Available data.
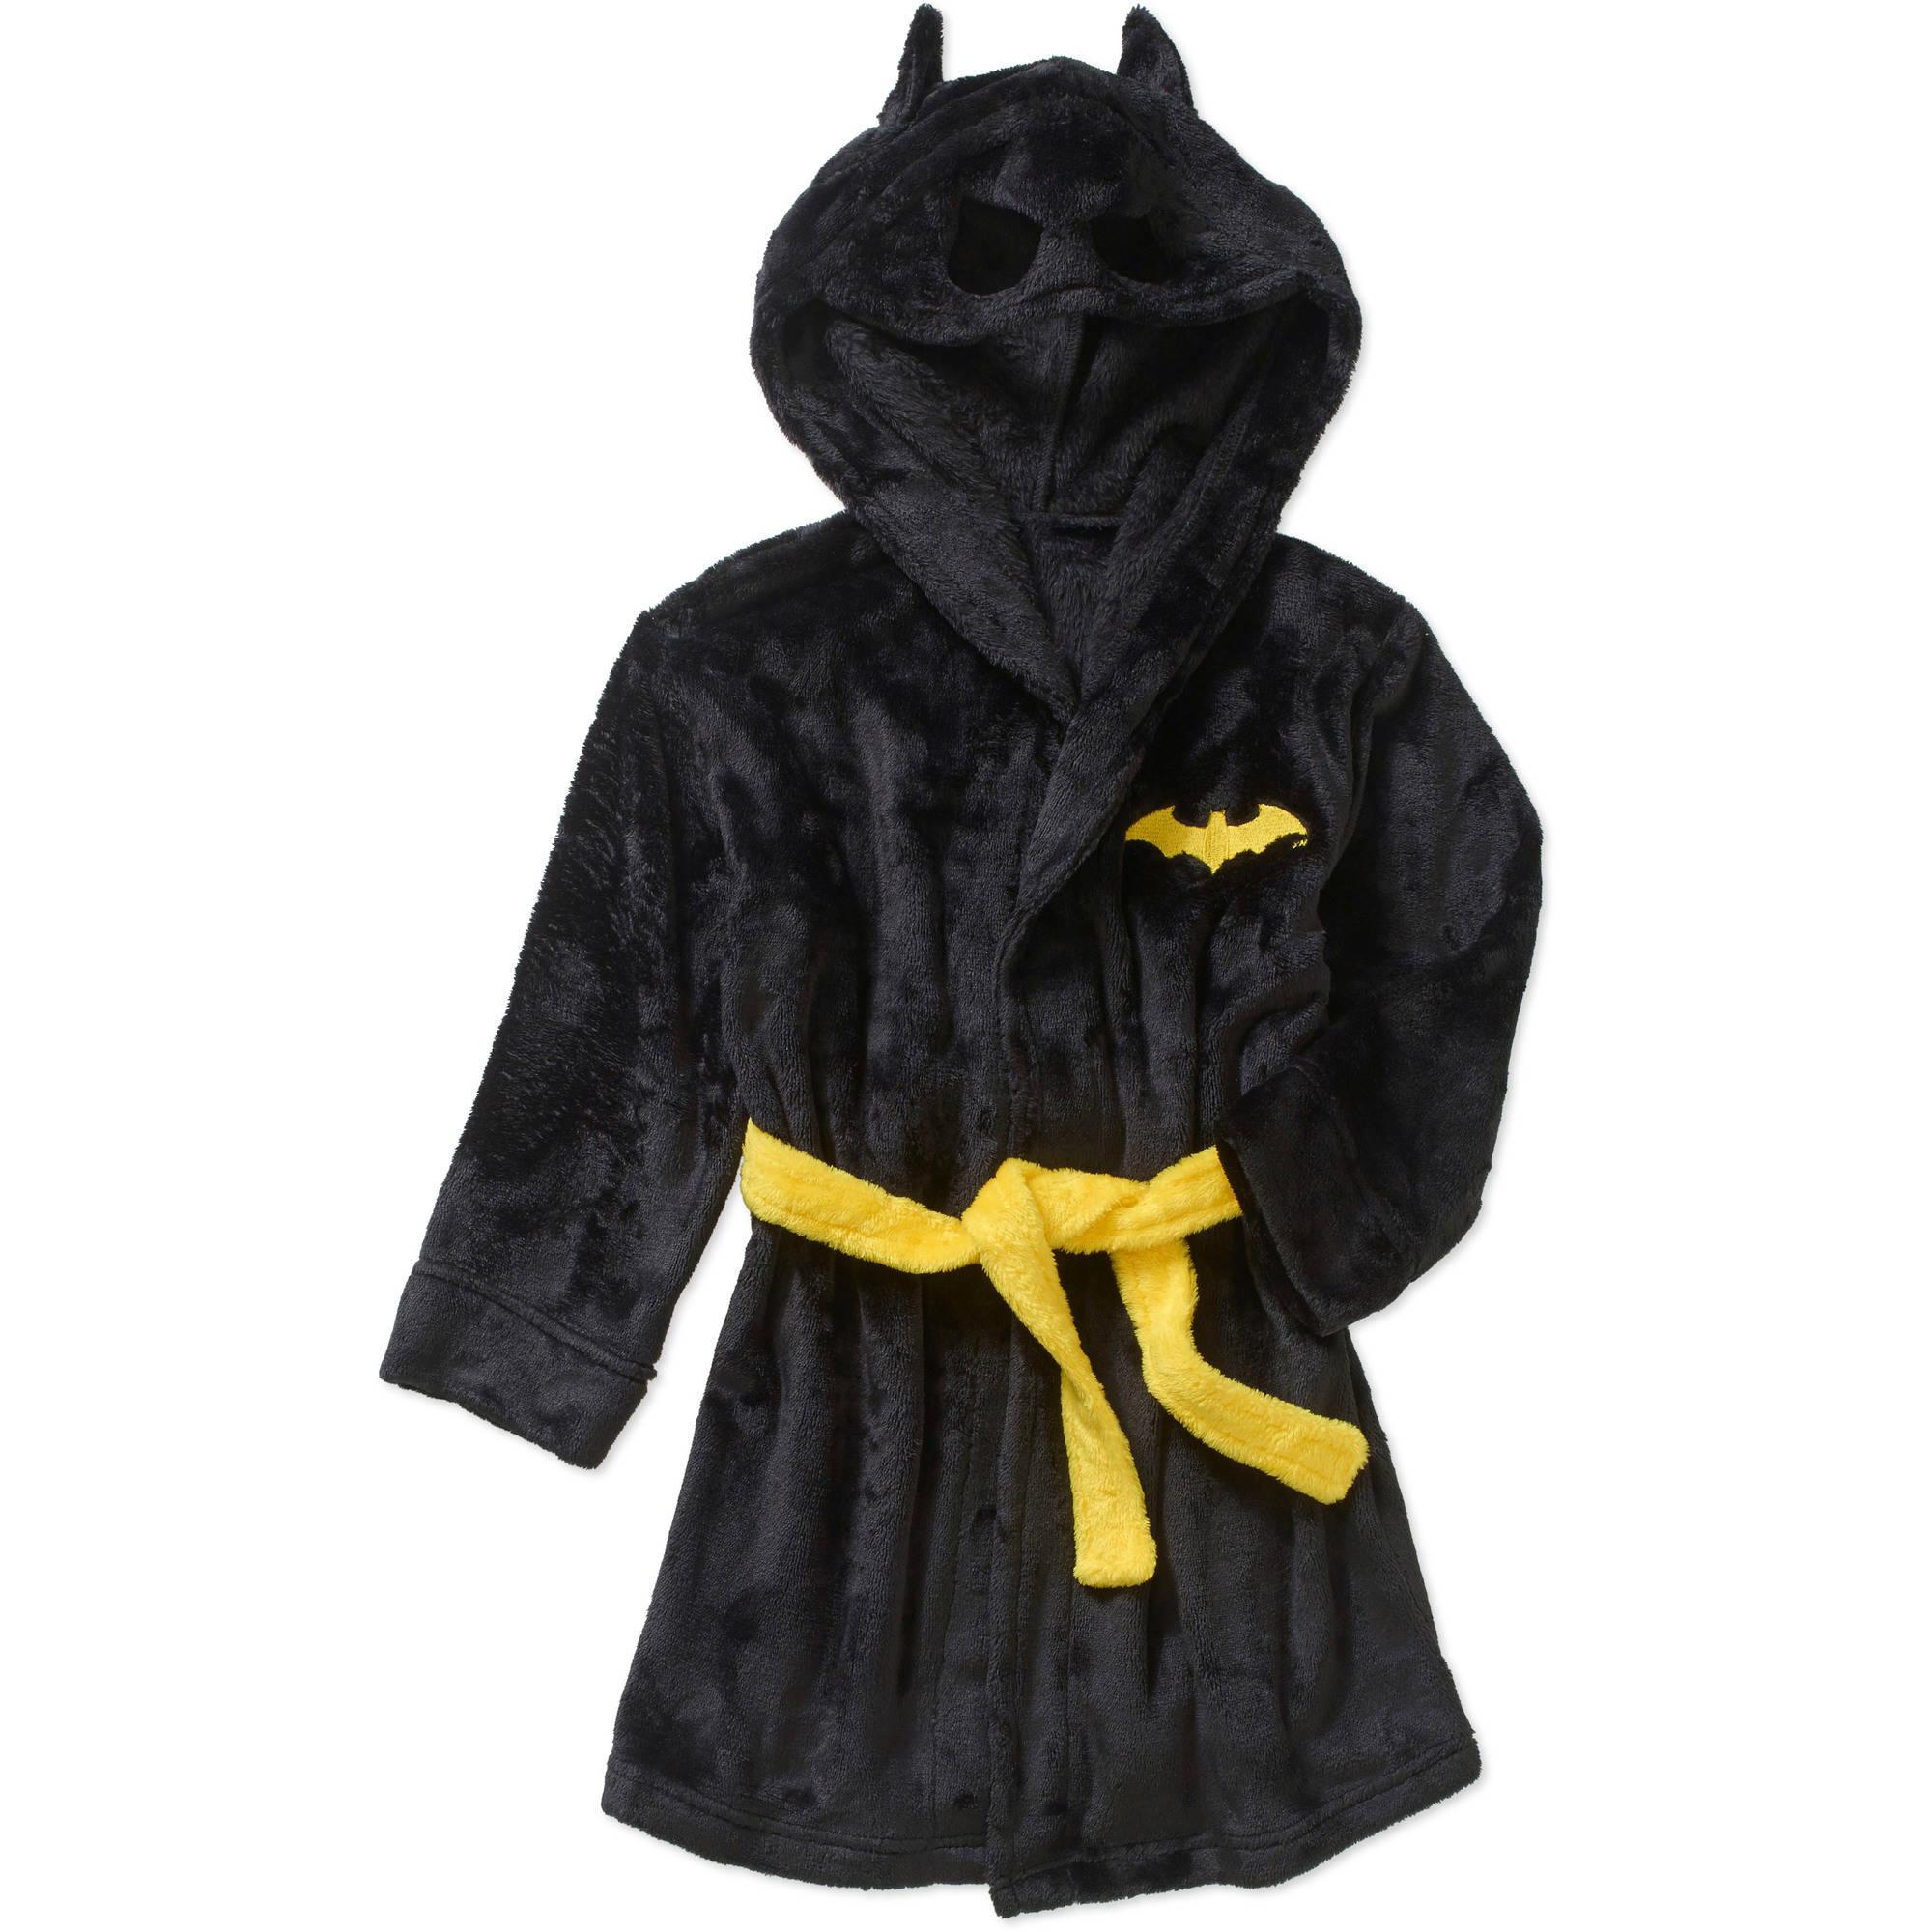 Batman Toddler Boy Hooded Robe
==
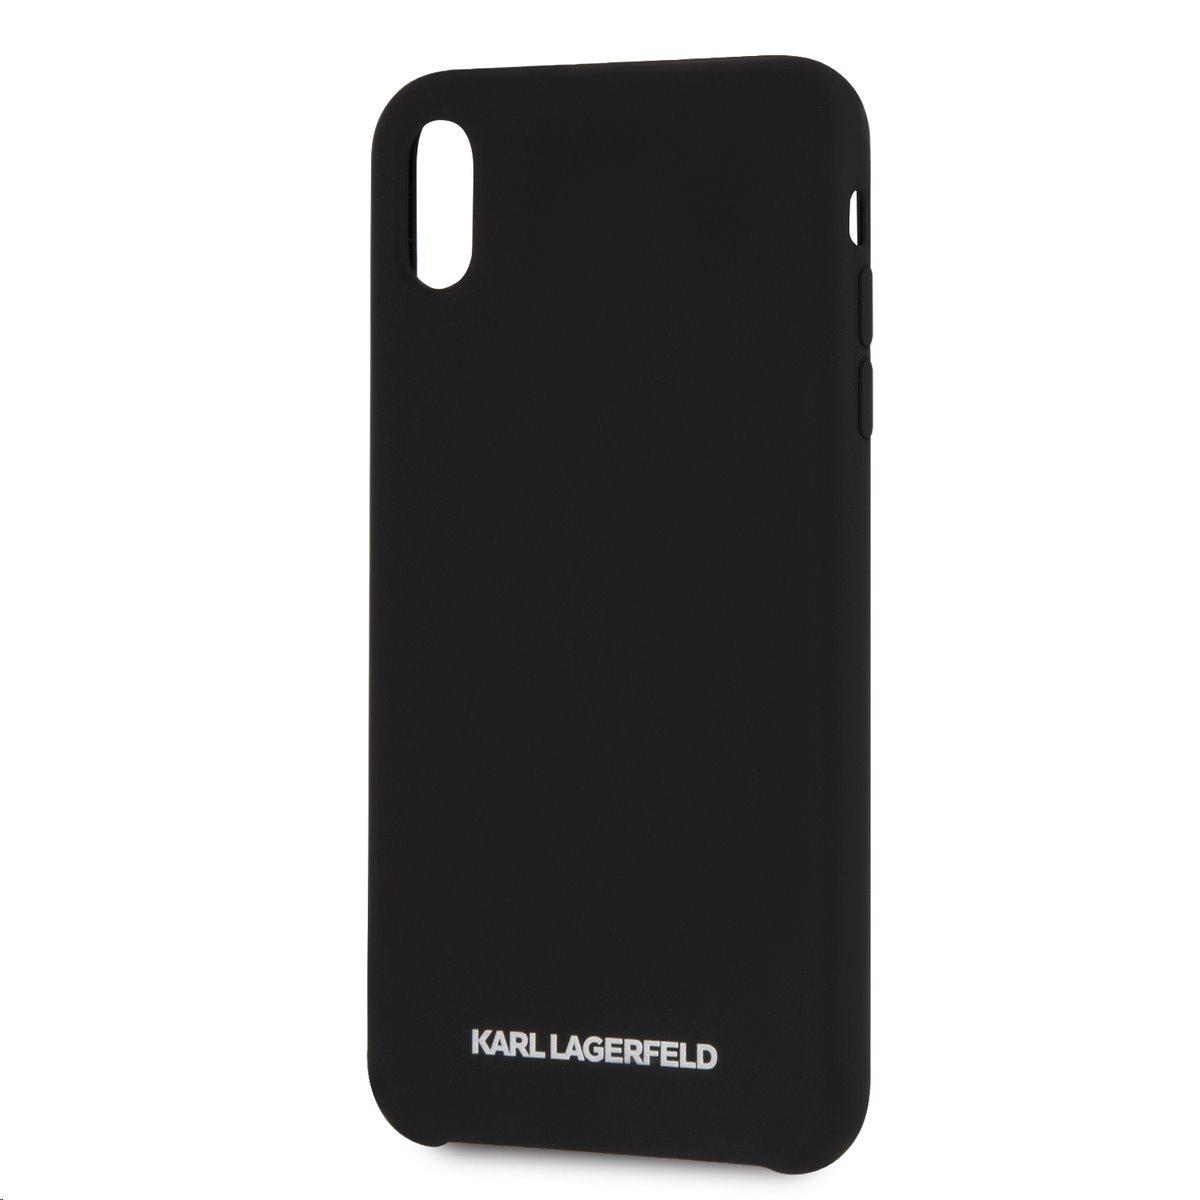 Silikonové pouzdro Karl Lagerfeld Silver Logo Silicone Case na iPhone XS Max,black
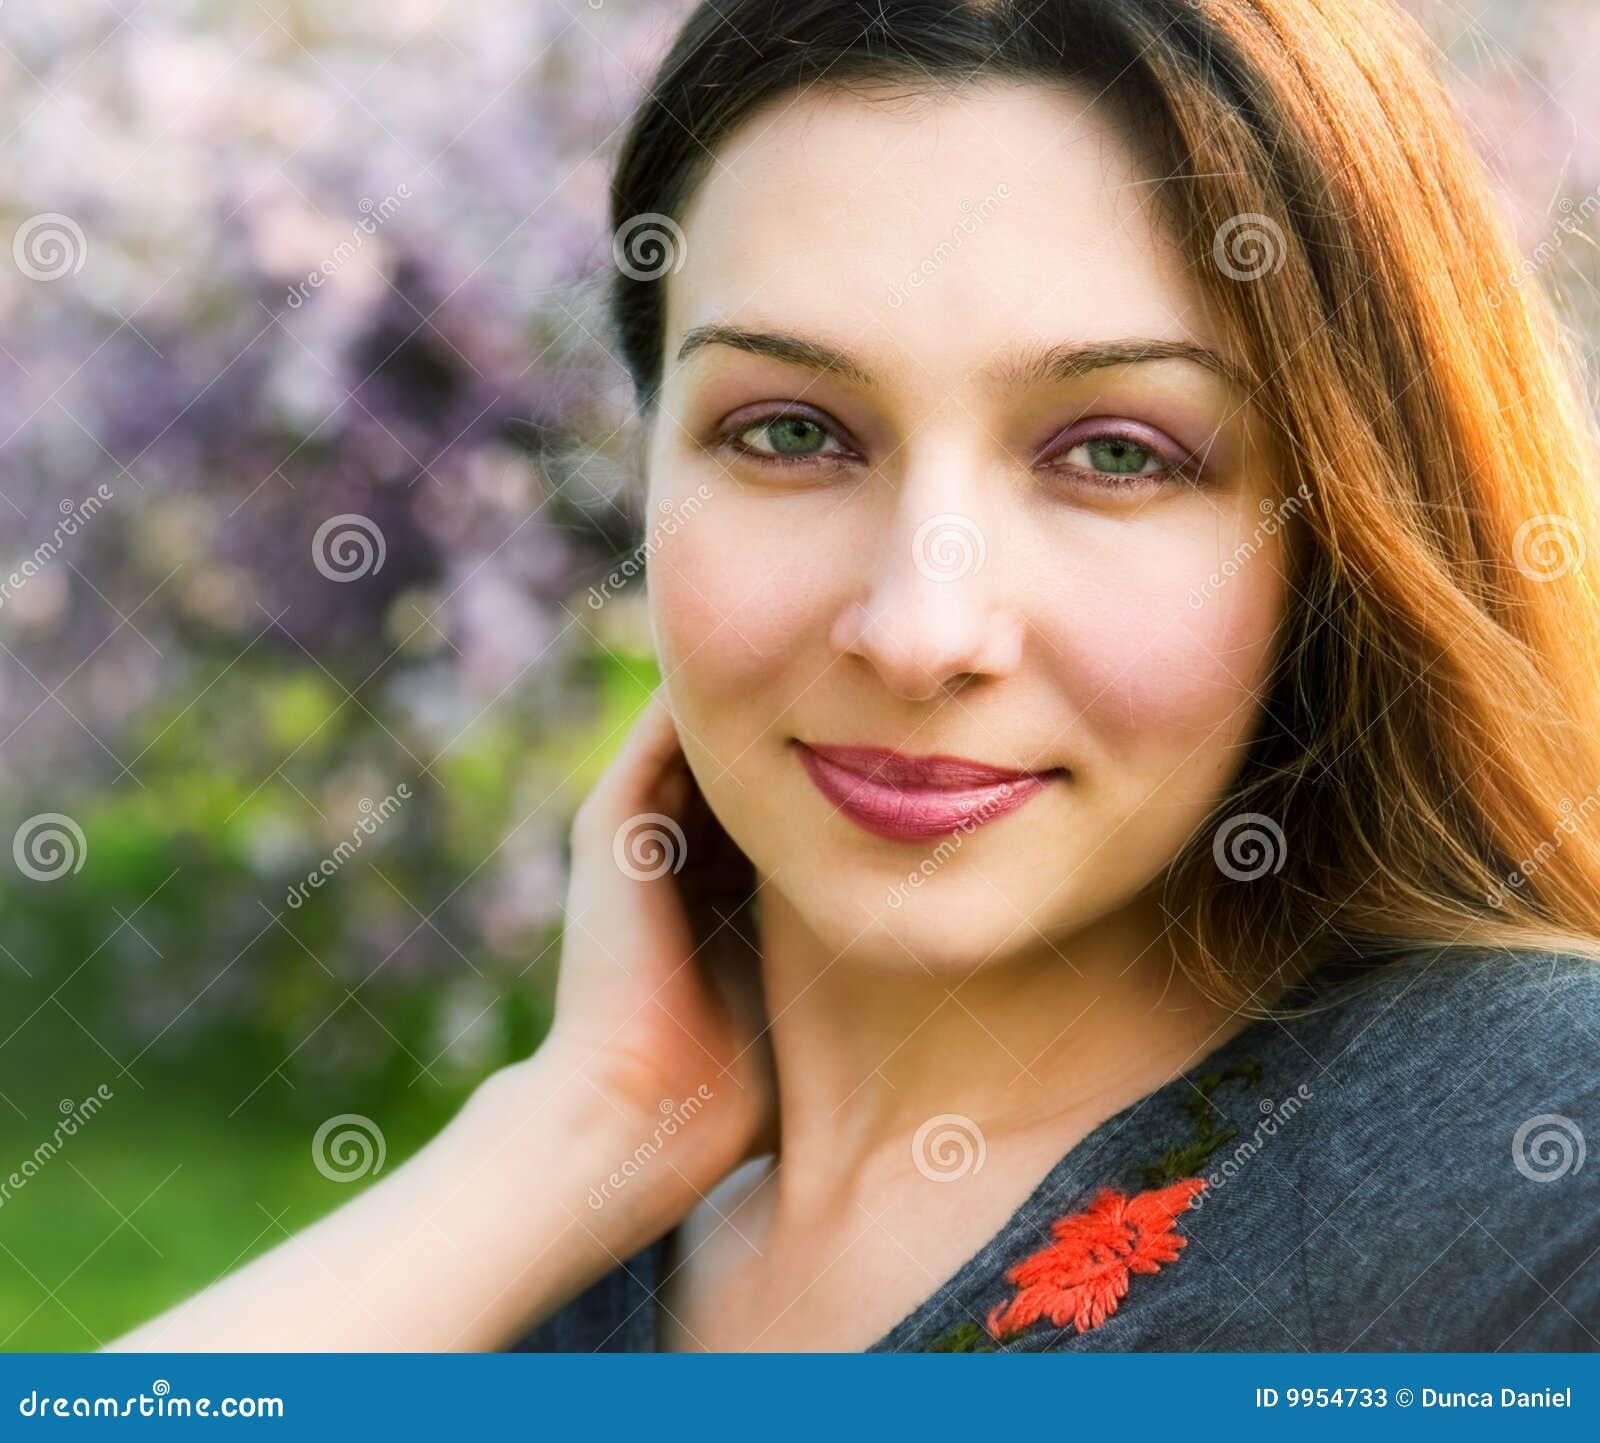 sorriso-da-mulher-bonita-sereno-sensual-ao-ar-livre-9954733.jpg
...
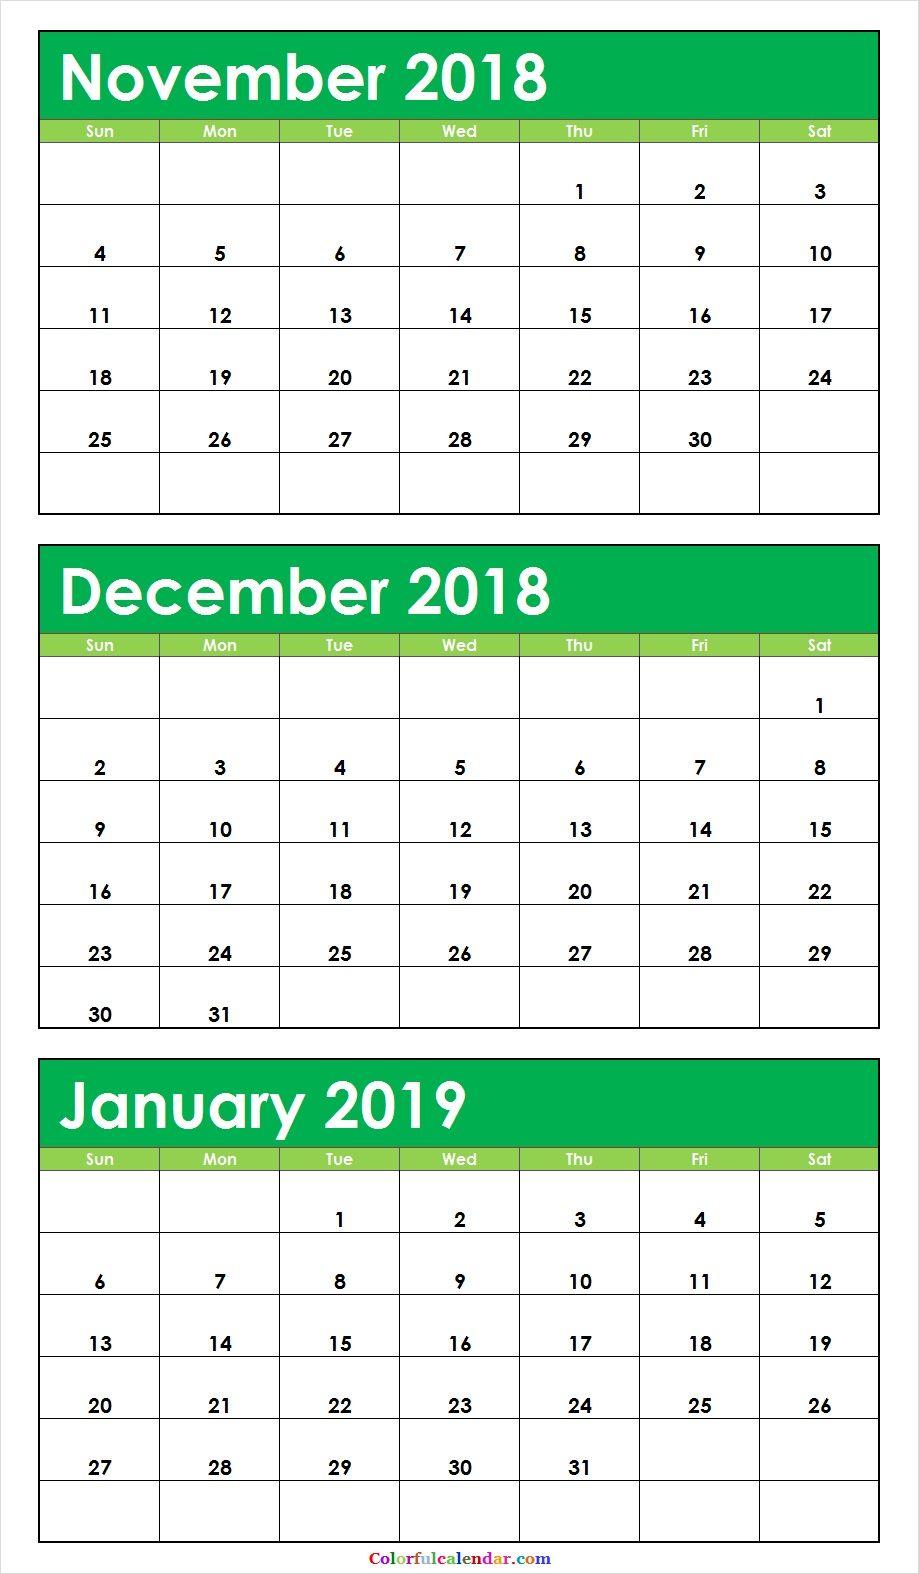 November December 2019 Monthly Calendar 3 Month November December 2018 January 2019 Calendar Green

What to work on. Retype, exactly and with no pictures, everything above from the line with "Silikonové pouzdro Karl" down to the line with "sorriso-da-mulher-bonita-sereno-sensual-ao-ar-livre-9954733.jpg", both included.

Exercise response.
 Silikonové pouzdro Karl Lagerfeld Silver Logo Silicone Case na iPhone XS Max,black
 sorriso-da-mulher-bonita-sereno-sensual-ao-ar-livre-9954733.jpg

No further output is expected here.